Оставалось четыре дня. Мужа она решила предупредить в последний момент – свекровь, естественно, упрется, но тут уж как-нибудь. Оставалось два места, но о них Катька предпочитала не думать. Подруга Лида? – я здесь-то через два часа не знаю, о чем с ней говорить. Посмотрим. В крайнем случае схватим первых попавшихся. Она до такой степени была поглощена этим противоестественным отбором, что уже почти не думала о том, врет Игорь или нет, взлетит или не взлетит его лейка, – последний шанс есть последний шанс, и о нем лучше не задумываться. Недвижимость в Москве стремительно упала в цене, билеты за границу раскупили на полгода вперед, поезда брали штурмом, срок ультиматума истекал, а Шамиль ежедневно слал письма, нигде не публиковавшиеся, но вполне доступные в Сети: до гибели вавилонской блудницы осталось шесть… пять… четыре дня, и воинам великого джихада смешна самонадеянность беглецов: клеймо свое они уносят на себе.
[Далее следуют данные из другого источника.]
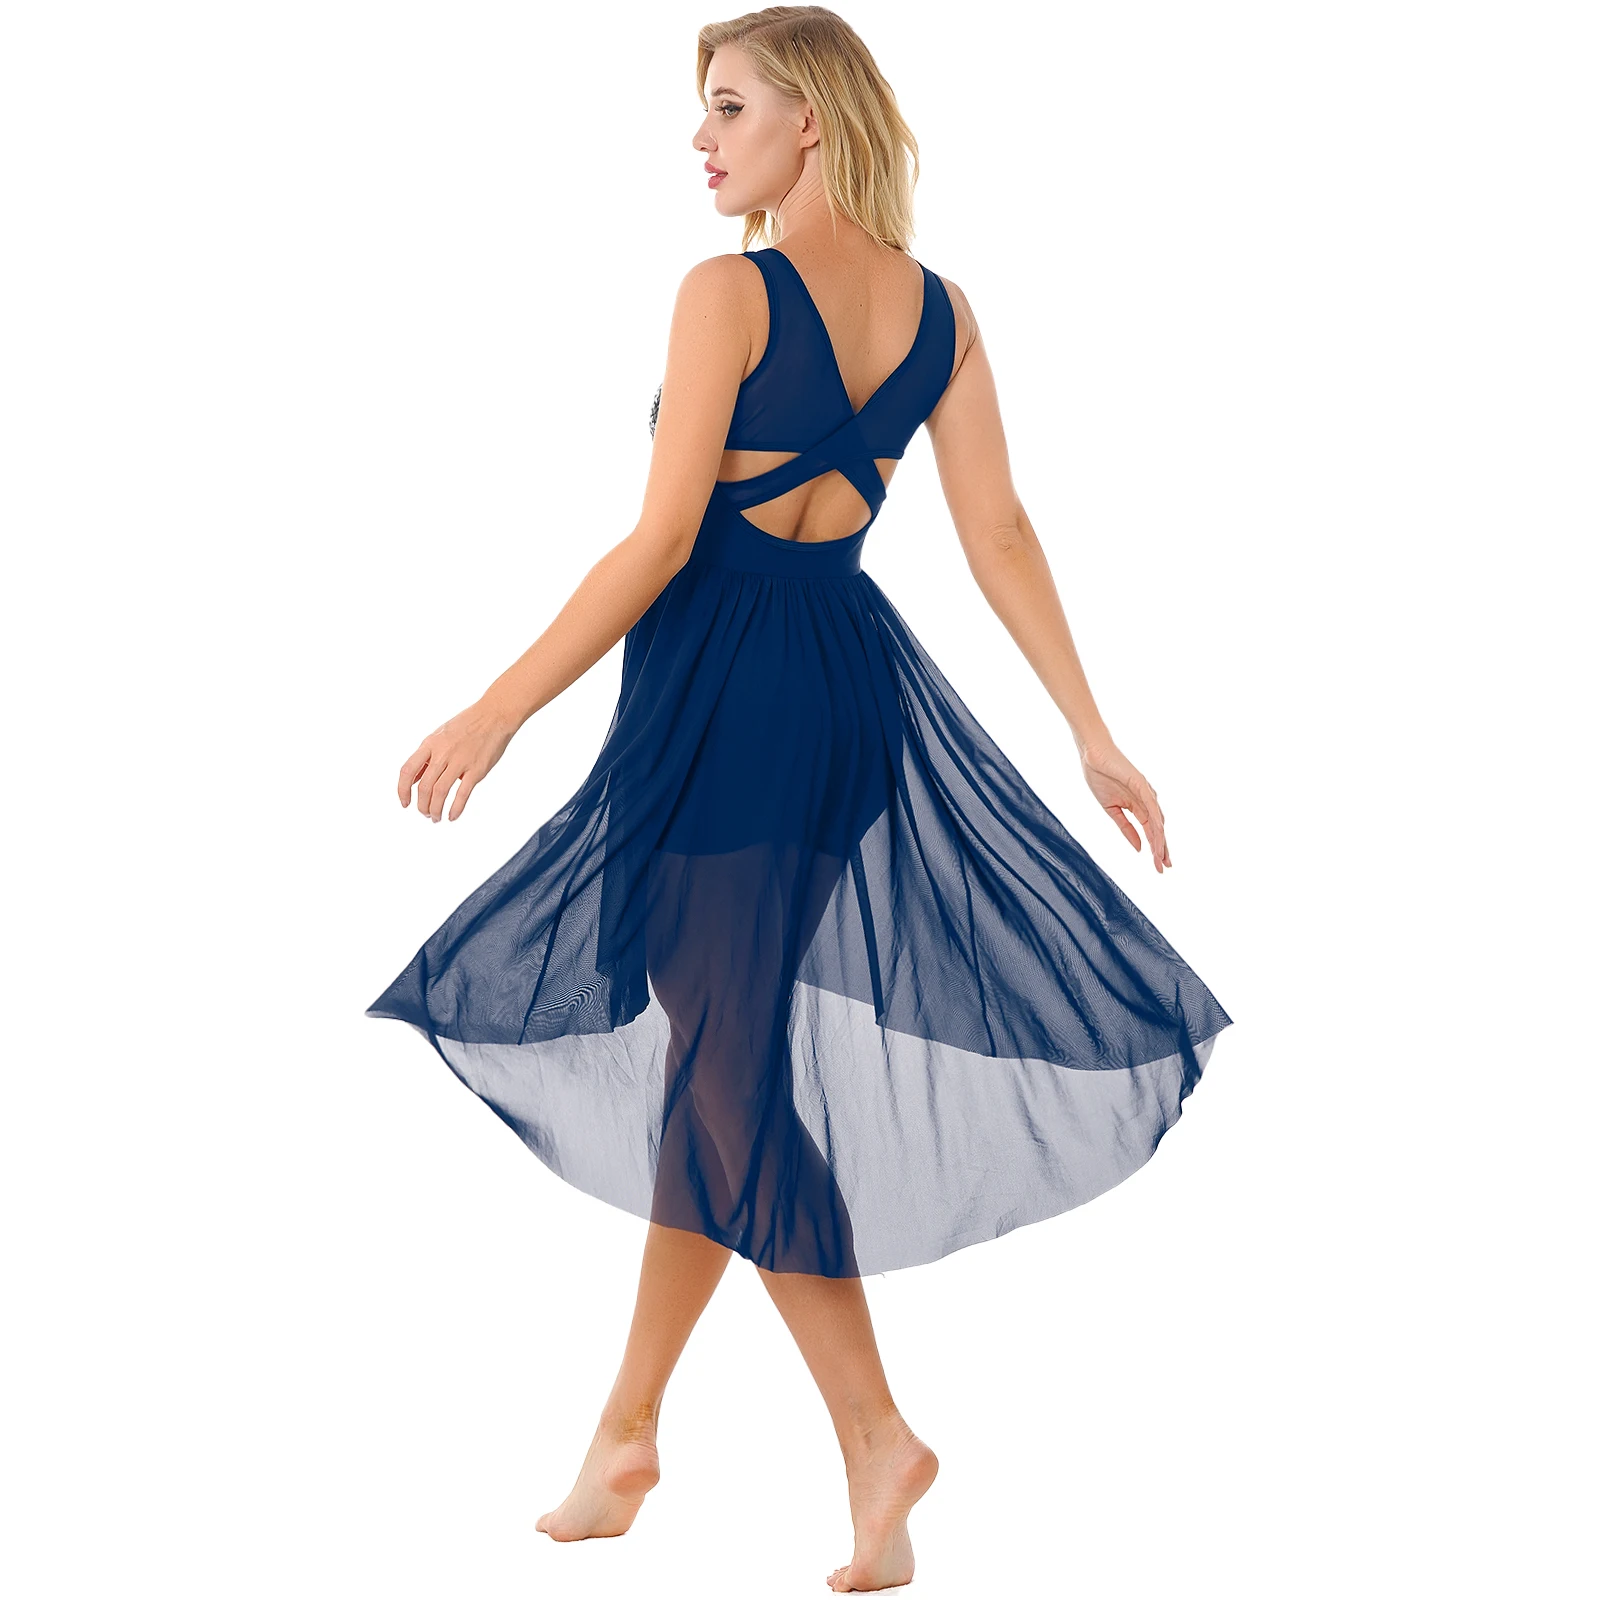 

Women Sparkling Sequined Leotard Dance Dress Sheer Mesh Crisscross Back Cutout Asymmetrical Hem Dance Dresses

Надо было ехать в Брянск. У Катьки не было надежды взять билет на поезд – с Киевского вокзала беспрерывно отходили автобусы: рейсовые отправляли междугородными маршрутами. Единственным городским транспортом остался троллейбус: метро закрылось во избежание массовой гибели пассажиров в час пик. Доехать до Брянска в автобусе киевского направления стоило порядка полутора тысяч – цена фантастическая, но и она росла с каждым днем. Мужу Катька ничего не объясняла.
– Переждите как-нибудь с Подушей. Я послезавтра вернусь совершенно точно. Бабушке надо помочь.
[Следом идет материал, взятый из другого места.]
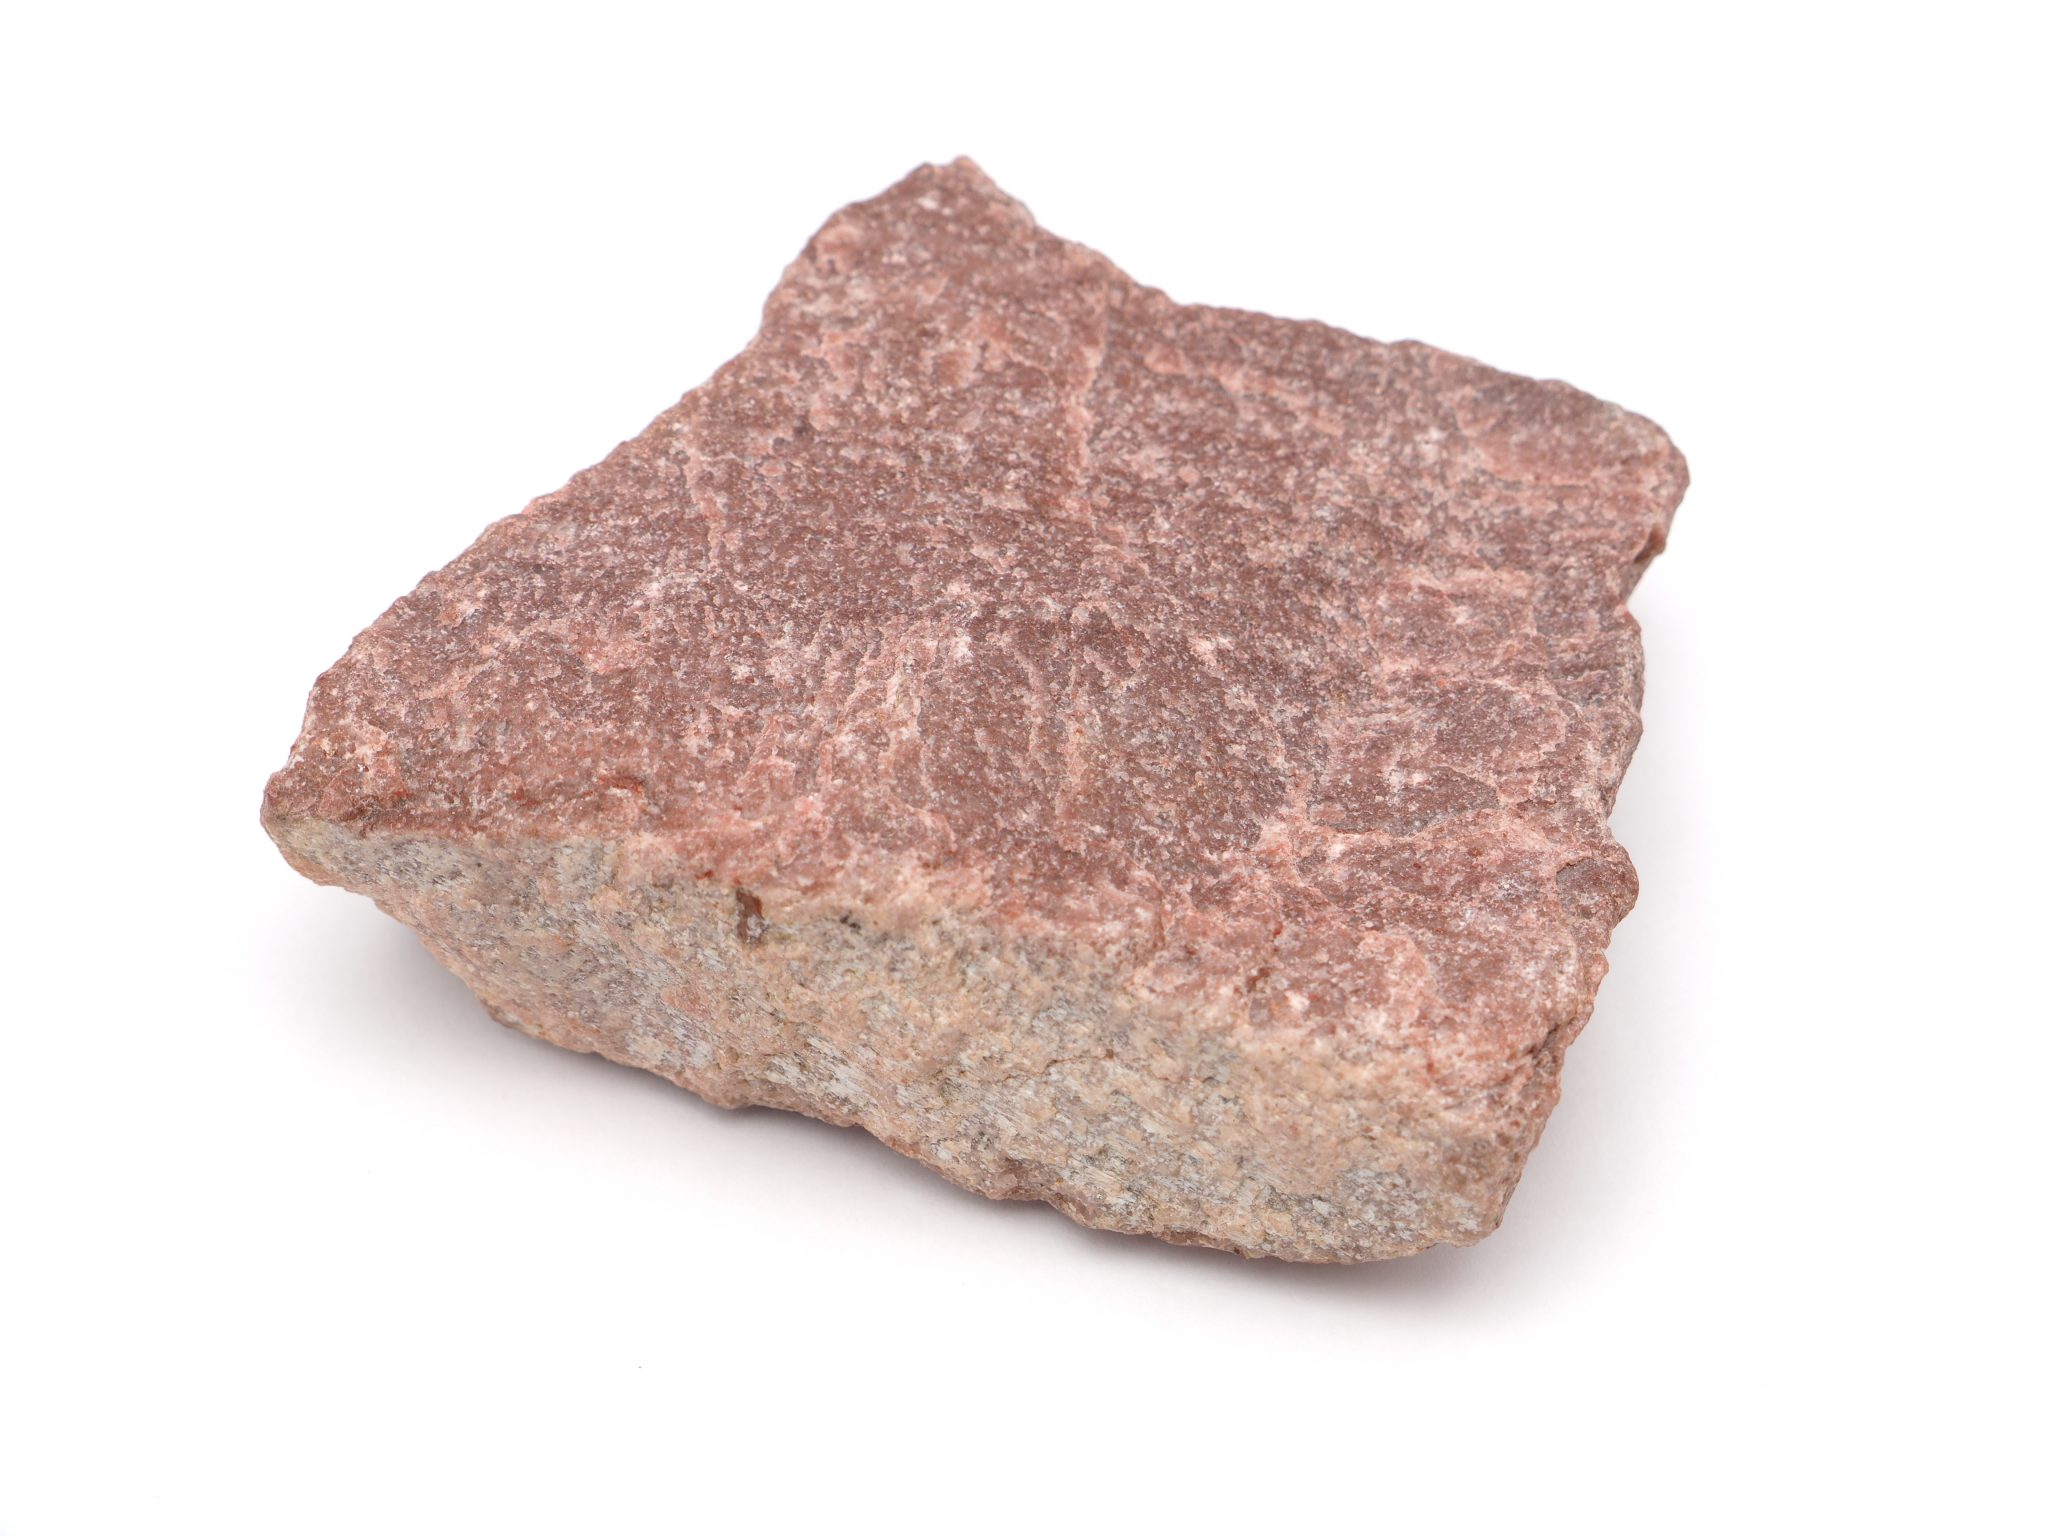 Какой камень лучше для бани: жадеит, талькохлорит, нефрит, малиновый кварцит или базальт

– Никуда ты не поедешь, – вяло сказал Сереженька.
– Сережа, я поеду. Я не знаю, как она там.
– Кать, сейчас не то время. Ты не можешь… ну что это такое, в конце концов! Мы должны думать, куда из города бежать…
– Сережа, – сказала Катька абсолютно спокойно. Она умела с ним быть спокойной, всегда чувствуя свою силу на фоне его слабости. – Я тебе говорю совершенно точно: через пять дней мы все уедем отсюда.
– Кто нас увезет?
– Работа моя увезет. «Офис» принадлежит «Дельте», она увозит всех сотрудников с семьями. Здесь у меня твердая гарантия, можешь не сомневаться.
– А мать мою кто возьмет?
– И мать я возьму.
– И куда?
– Понятия не имею. Нам ничего не говорят. Я знаю только, что мы уедем. Пойми, я не могу бросить бабушку просто так. Она меня вырастила, я ее, может, не увижу больше никогда…
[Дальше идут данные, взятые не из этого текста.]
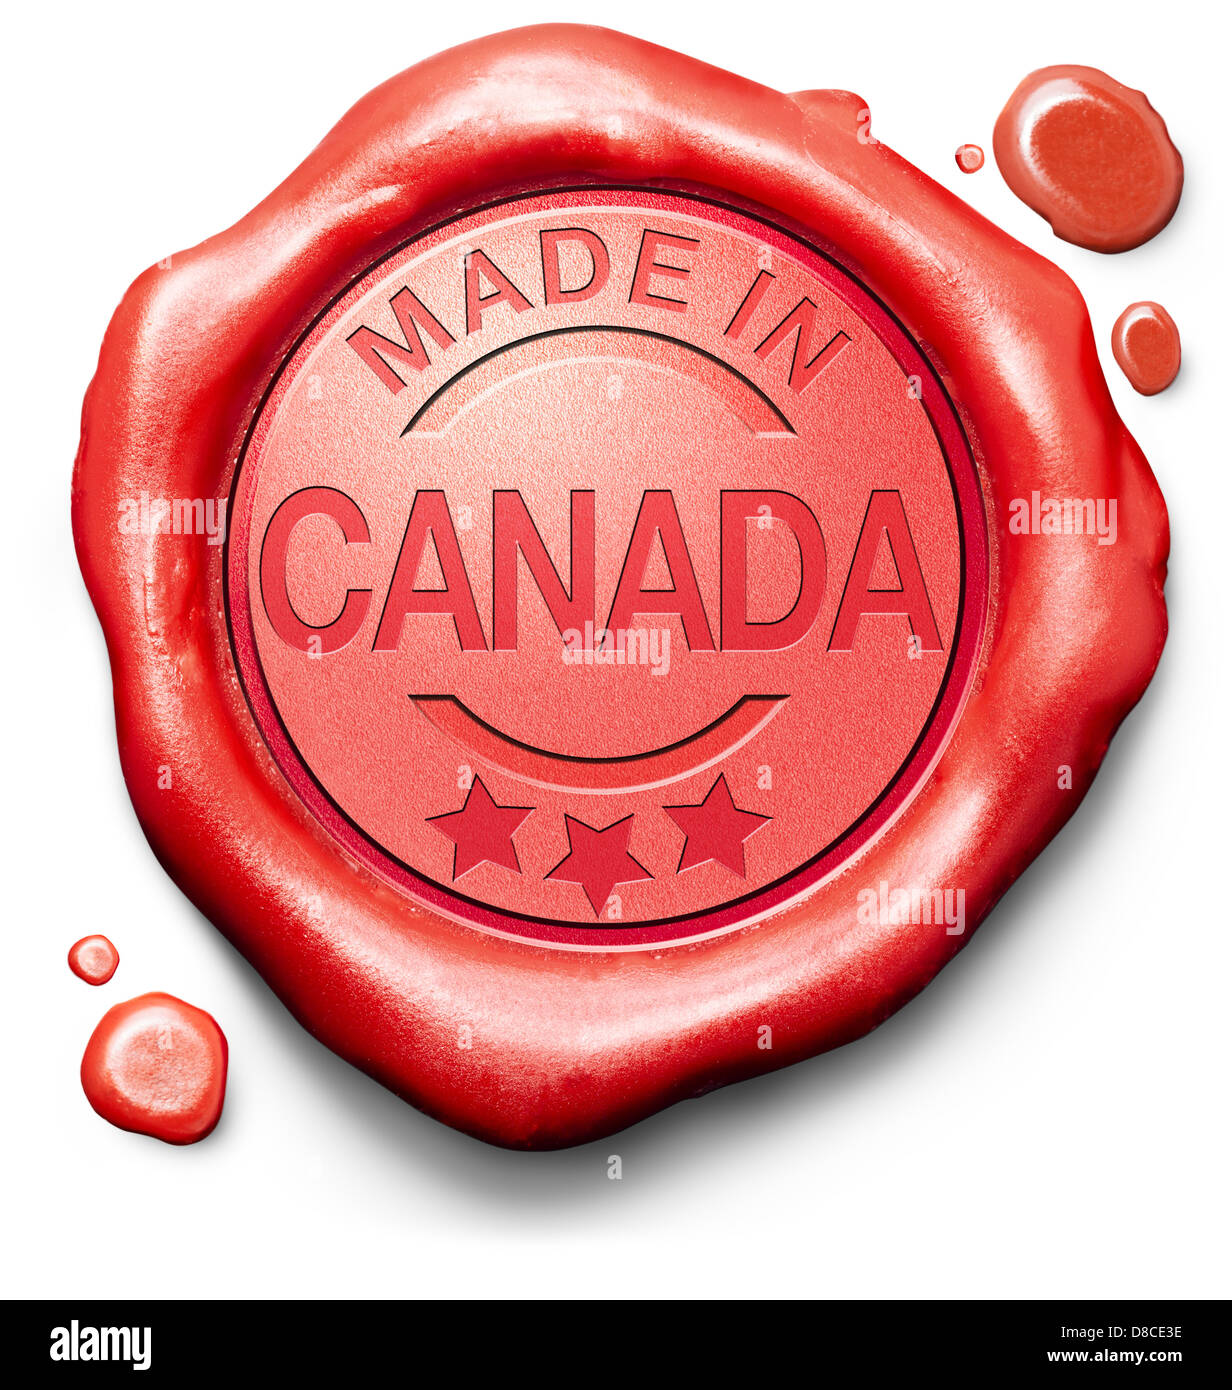 Realizzato in Canada prodotto originale comprare locale acquista autentico canadese etichetta di qualità di cera rossa guarnizione timbro Foto Stock

– И что мне думать, если тебя не будет послезавтра?
– Я в любом случае буду все время звонить.
Надо было увидеться с Игорем – без этого она уже не могла, он один вселял в нее уверенность и надежду, да и надо же было рассказать ему насчет бабушки, чтобы хоть не сходил с ума, когда она уедет в Брянск. Мобильная связь работает все хуже, вдруг я оттуда не сумею с ним связаться… Игорь ждал ее возле ВДНХ. Выглядел он неважно, бледно, а главное – она никогда еще не видела его таким неуверенным.
– У тебя чего-нибудь не так?
– Нет, все так. Связи только давно не было, – сказал он, гладя Катьку по голове.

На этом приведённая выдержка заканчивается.